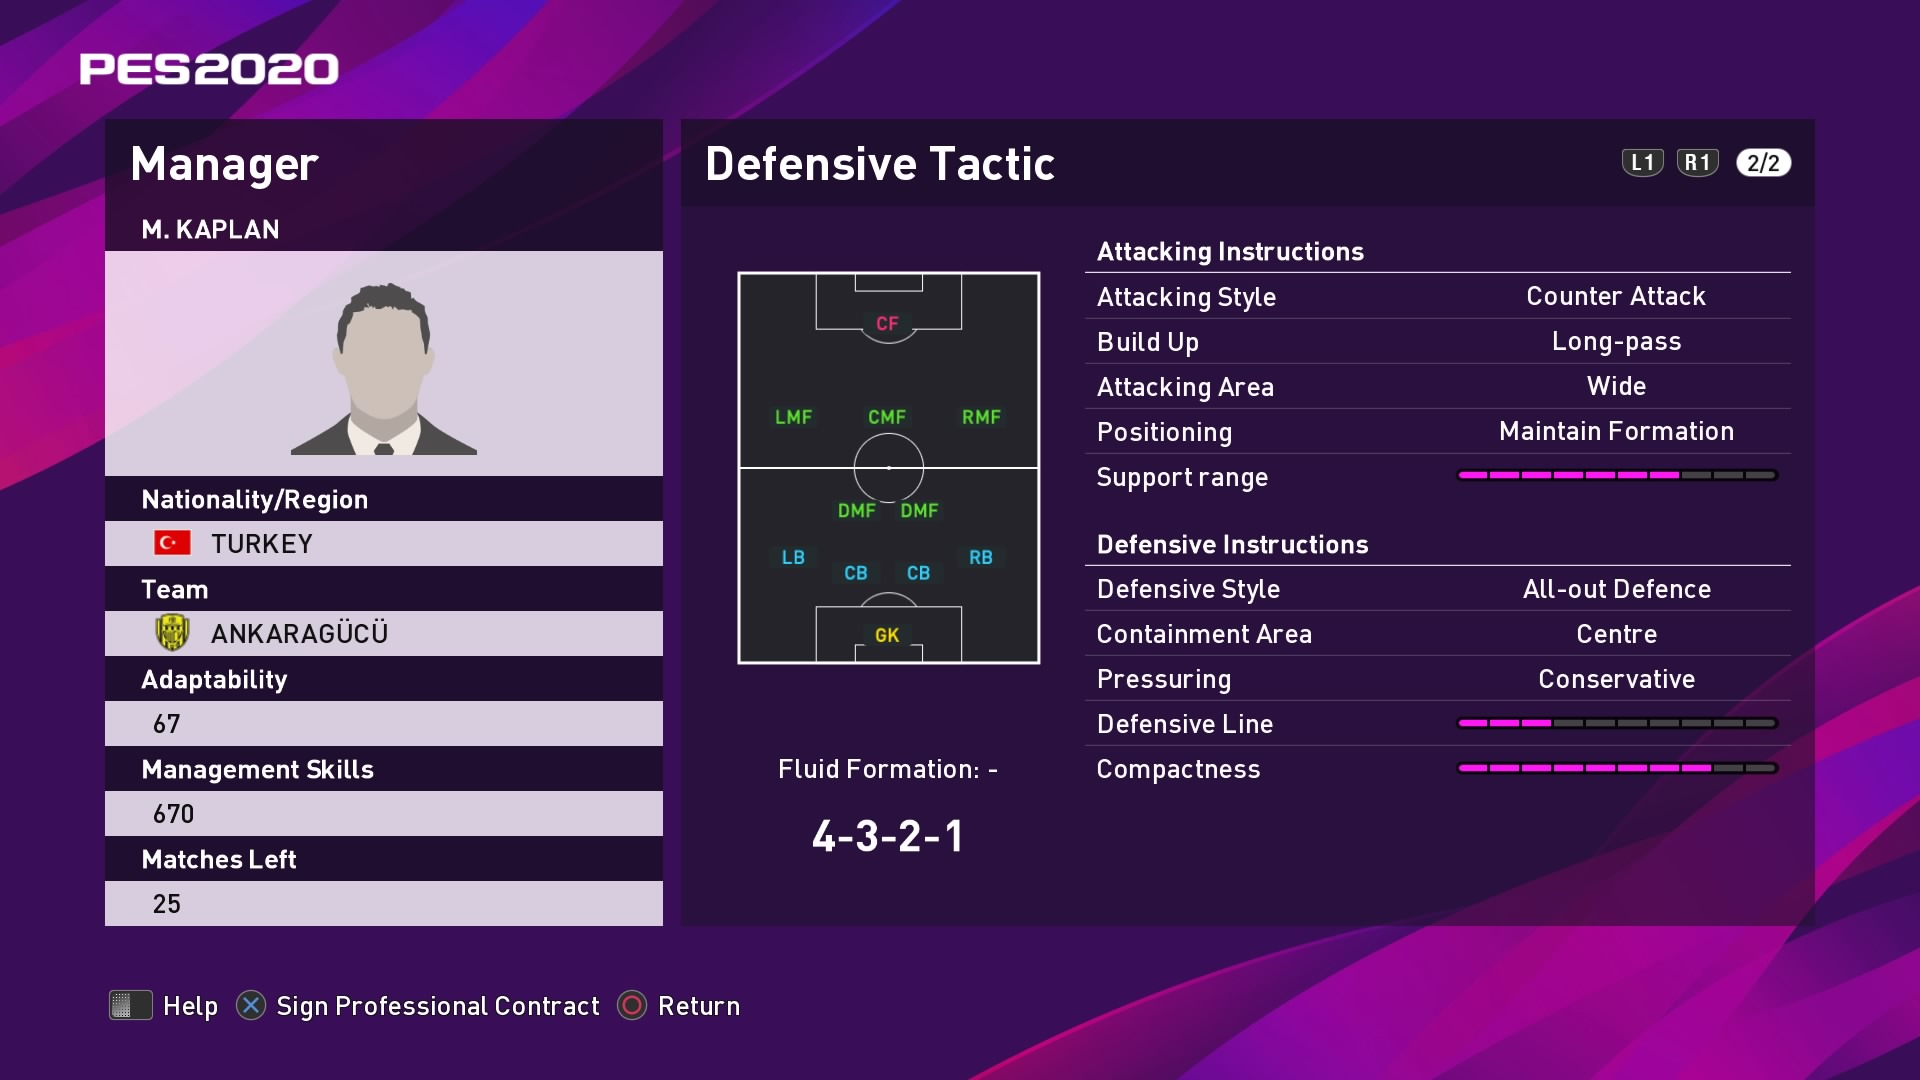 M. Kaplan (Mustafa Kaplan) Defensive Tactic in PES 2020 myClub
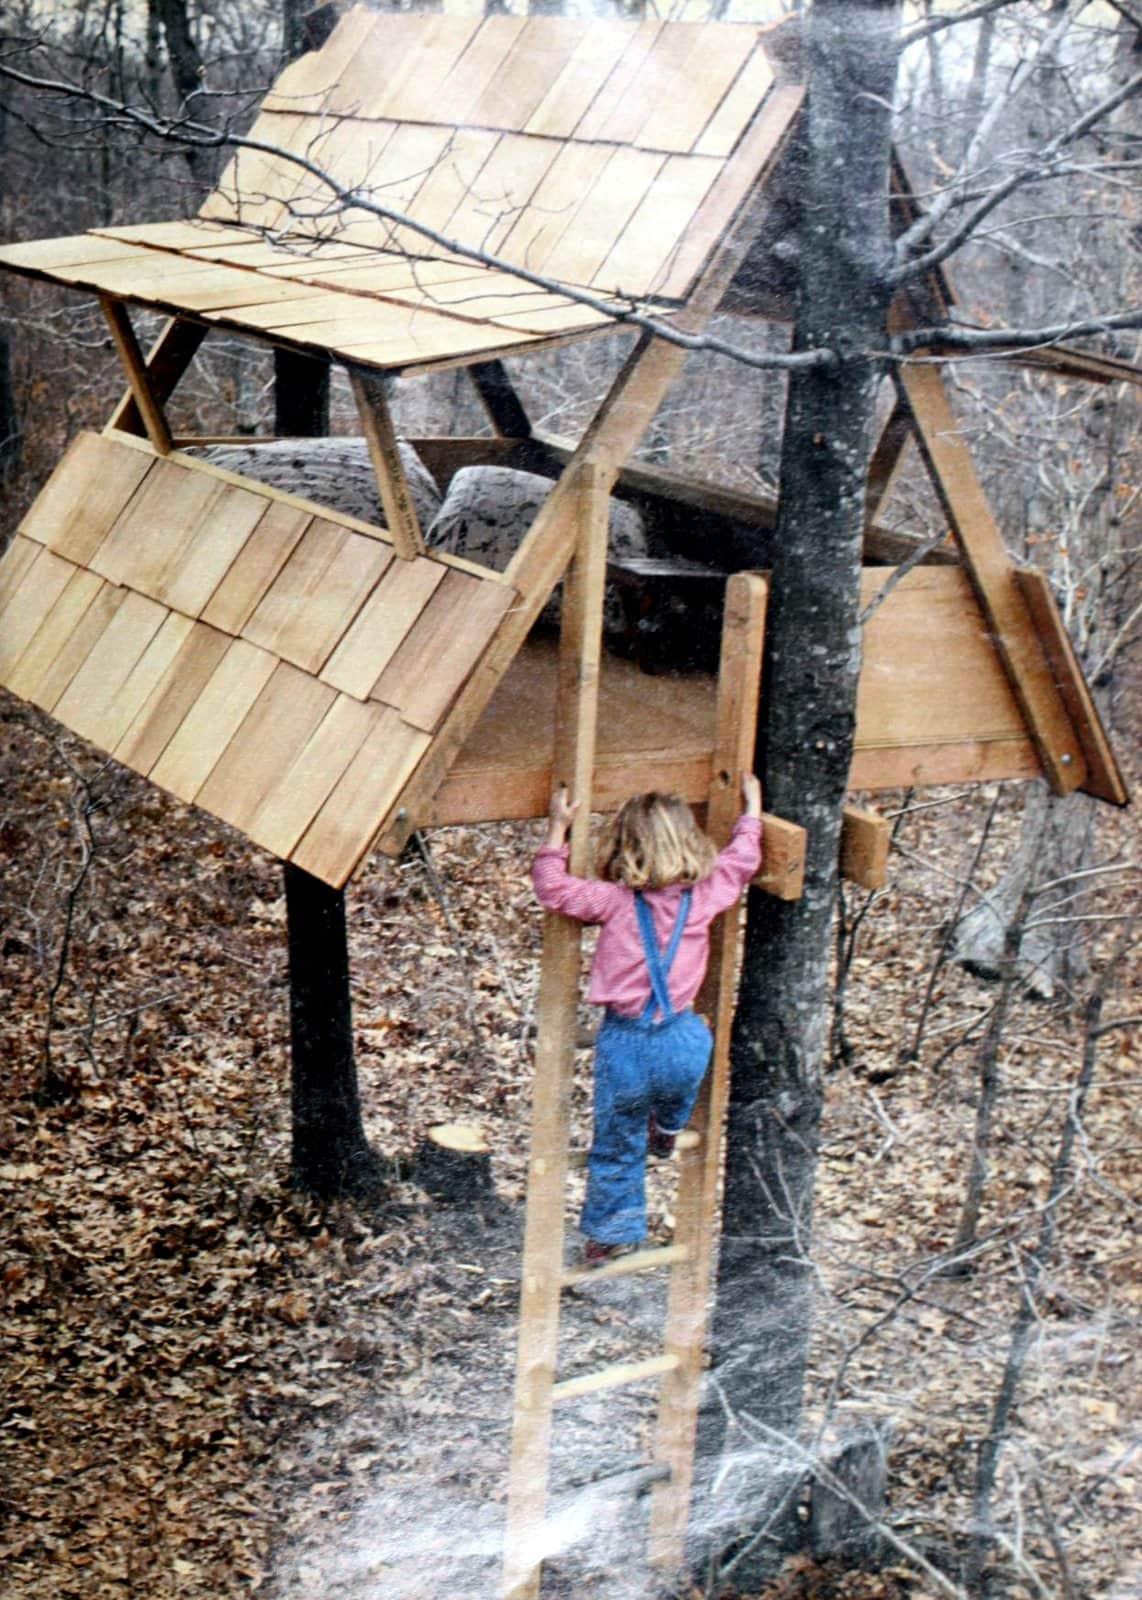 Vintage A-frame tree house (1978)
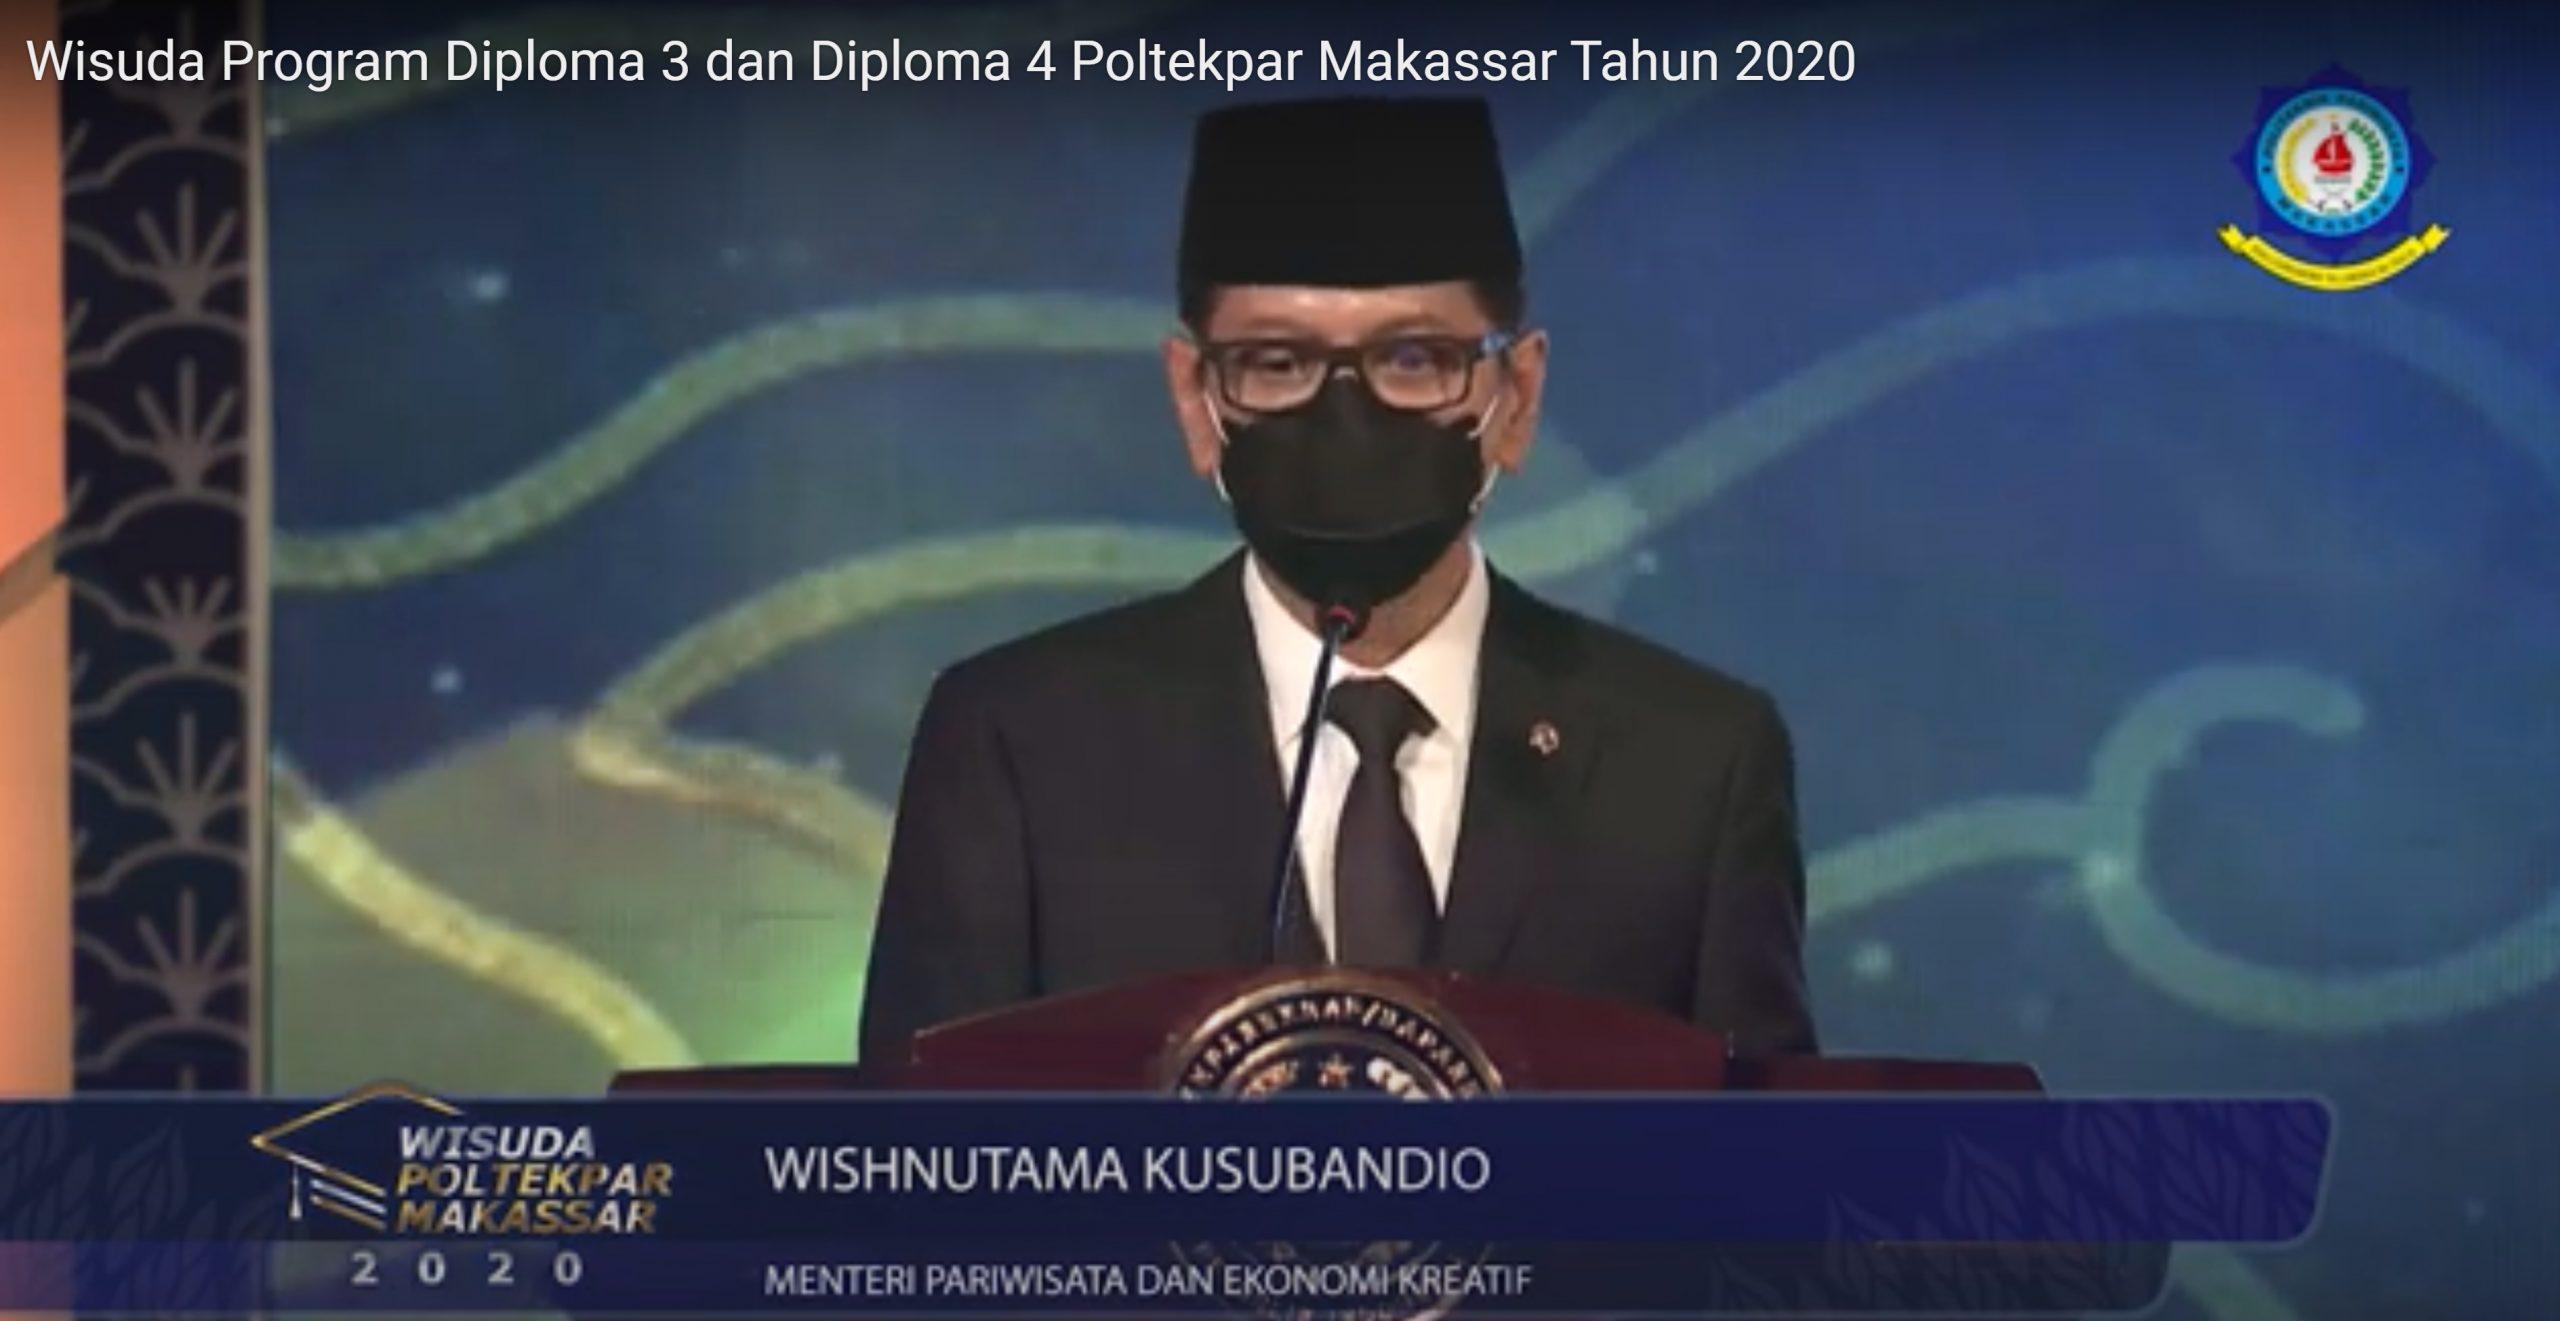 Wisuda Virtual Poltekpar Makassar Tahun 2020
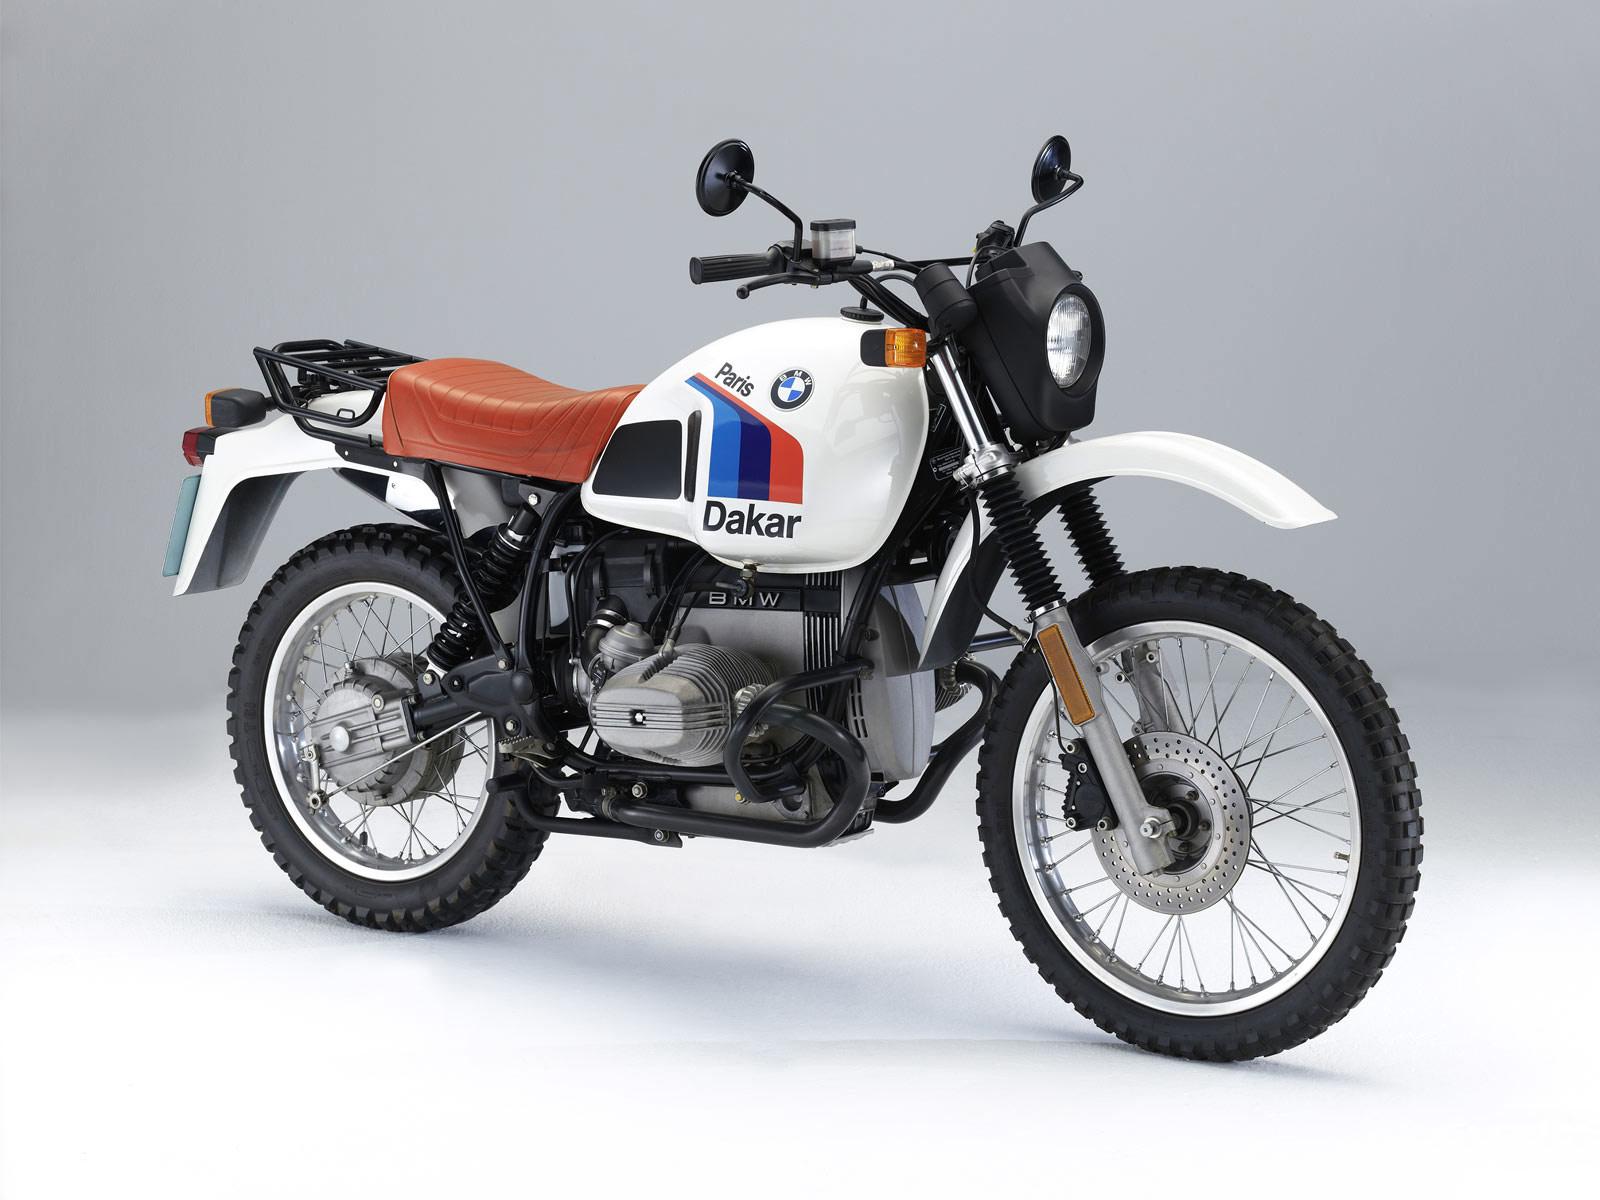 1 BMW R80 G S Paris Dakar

--------------------------------

Task requirements =>
All the lines above should be reproduced exactly, and none of the pictures.

Output for this exercise =>
 M. Kaplan (Mustafa Kaplan) Defensive Tactic in PES 2020 myClub
 Vintage A-frame tree house (1978)
 Wisuda Virtual Poltekpar Makassar Tahun 2020
 1 BMW R80 G S Paris Dakar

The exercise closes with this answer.